- Al-Sabe' Biyar
- Coordinates: 33°46′47″N 37°41′1″E﻿ / ﻿33.77972°N 37.68361°E
- Country: Syria
- Governorate: Rif Dimashq
- District: Douma
- Subdistrict: Al-Sabe' Biyar

Population (2004)
- • Total: 395
- Time zone: UTC+3 (EET)
- • Summer (DST): UTC+2 (EEST)

= Sabaa Biyar =

Town in central Syria

Al-Sabe' Biyar, also spelled Saba'a Biar, or Sabaa Biyar (السبع بيار) is a town in central Syria, administratively part of the Rif Dimashq Governorate, located northeast of Damascus. It is situated in the Syrian Desert, in the Syrian part of the Badia region, along the highway connecting Dumayr in the west to the al-Waleed border crossing with Iraq, with no other localities in its vicinity.

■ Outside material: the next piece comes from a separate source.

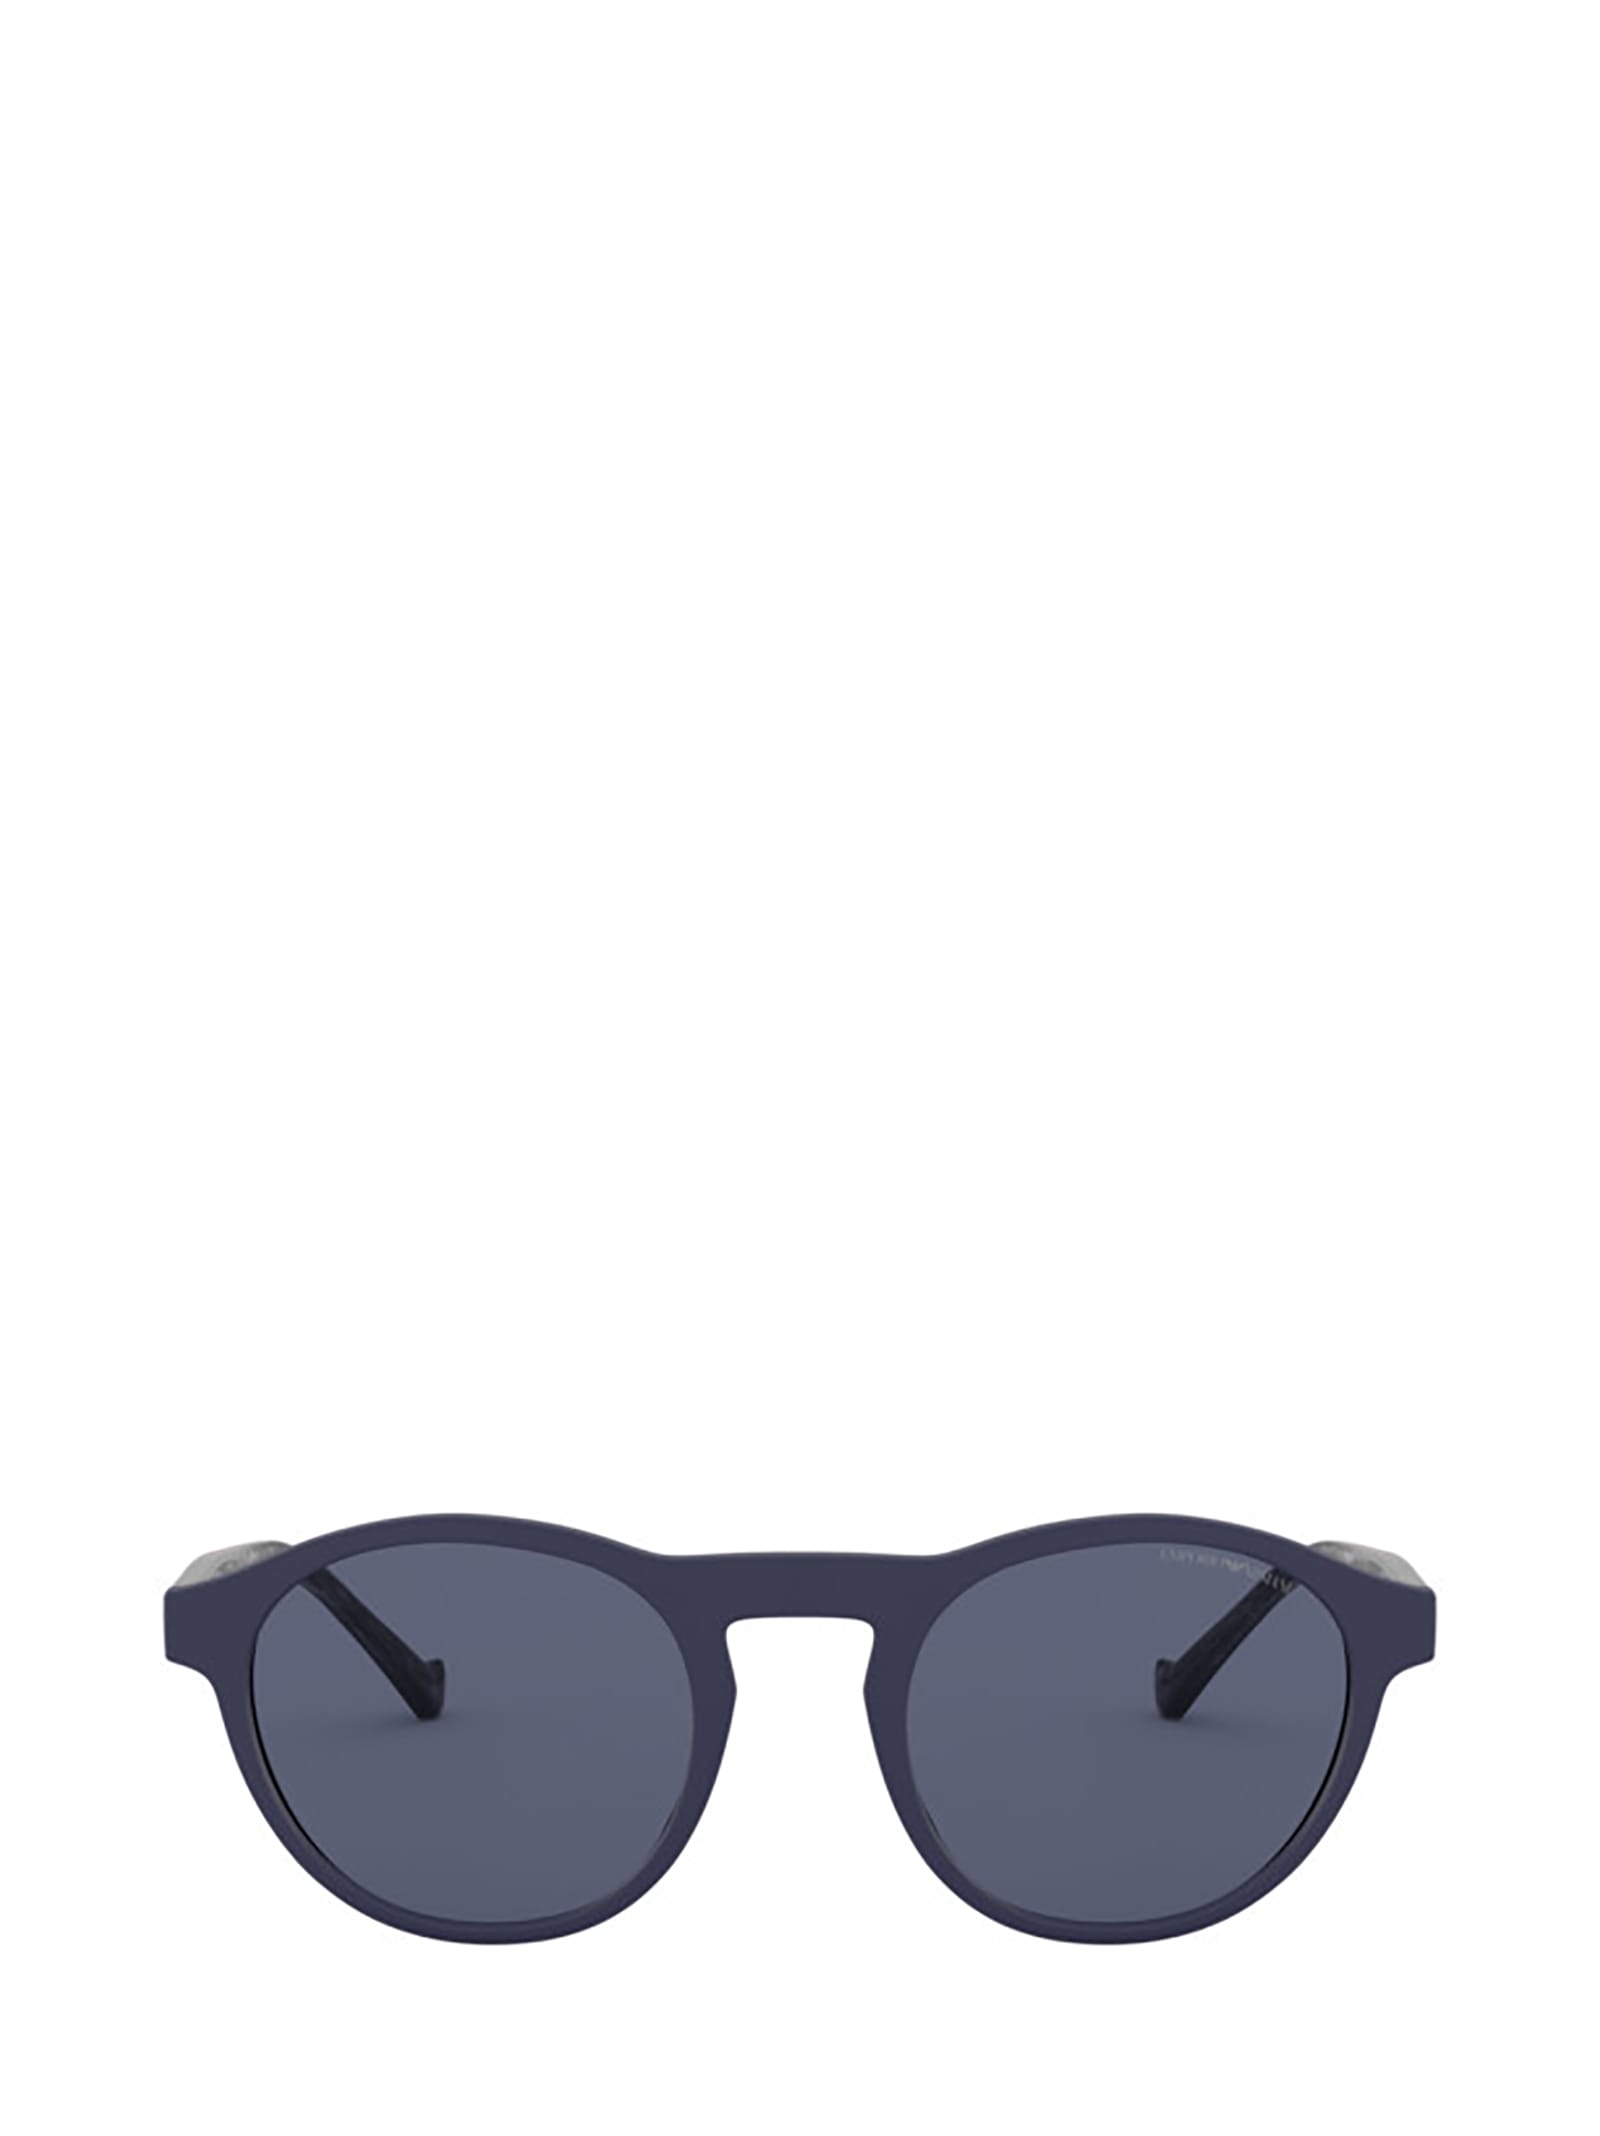 Emporio Armani Emporio Armani Ea4138 Matte Blue Sunglasses

It is the administrative center and only locality in the al-Sabe' Biyar nahiyah ("subdistrict"). According to the Syria Central Bureau of Statistics (CBS), al-Sabe' Biyar had a population of 395 in the 2004 census.

==History==
In early May 2017, the town was reported to have been retaken by the Syrian government forces, shortly after the ISIL militants had pulled out of the area.